A prospective clinical study of cerebral microemboli and neuropsychological outcome comparing vent-line and auto-venting arterial line filters: both filters are equally safe

Abstract

Microemboli are the main implicated cause of neuropsychological (NP) impairment after cardiac surgery. This prospective clinical trial compared the effect of an auto-venting arterial line filter on intraoperative cerebral microemboli and NP outcome compared to an arterial line filter with a vent line, in patients undergoing elective coronary artery bypass graft (CABG) surgery. One hundred and ten patients received either an Avecor Affinity (n =73) or Pall AV-6 (n =37) control filter. Cerebral microemboli during cardiopulmonary bypass were recorded by transcranial Doppler monitoring of the right middle cerebral artery.
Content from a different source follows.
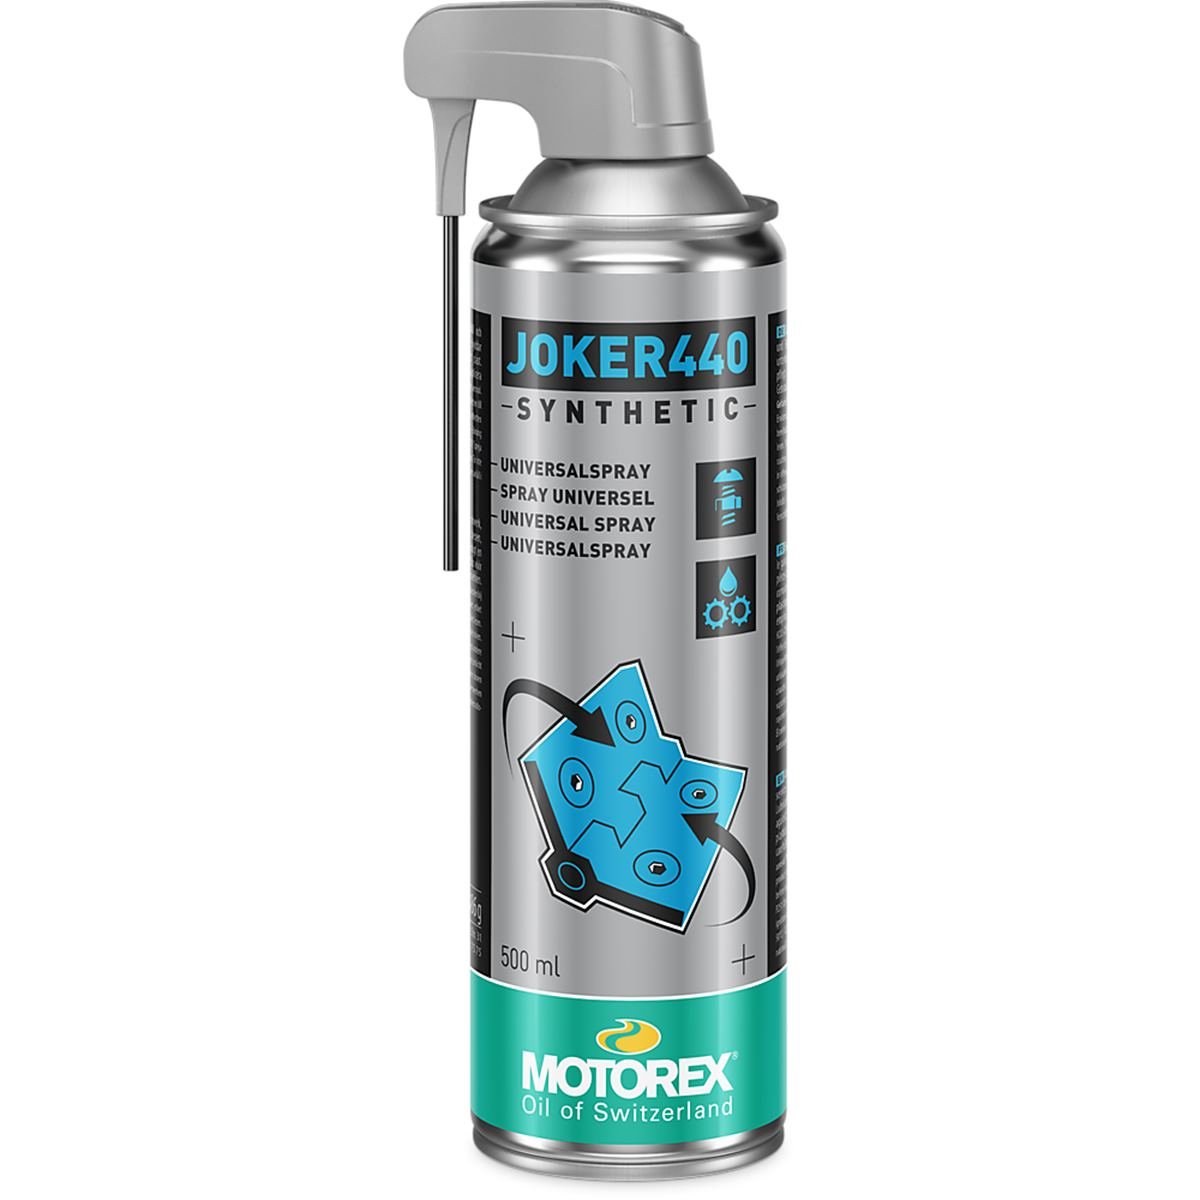 Motorex Synthetic Spray Joker 440 500 ml

Evidence of cerebral impairment was obtained by comparing patients' performance in a NP test battery (nine tests) administered 6-8 weeks postoperatively with their preoperative scores. During cardiopulmonary bypass, the median number and range of microemboli were 67 (5-846) and 55 (2-773) for the Avecor and AV-6 groups, respectively (p = 0.47). There was no difference in NP outcome. There is no difference in the filtering ability of vent-line and auto-vent filters as assessed by cerebral microemboli. This, together with the similar NP outcome, suggests that both types of filter are equally safe for clinical use.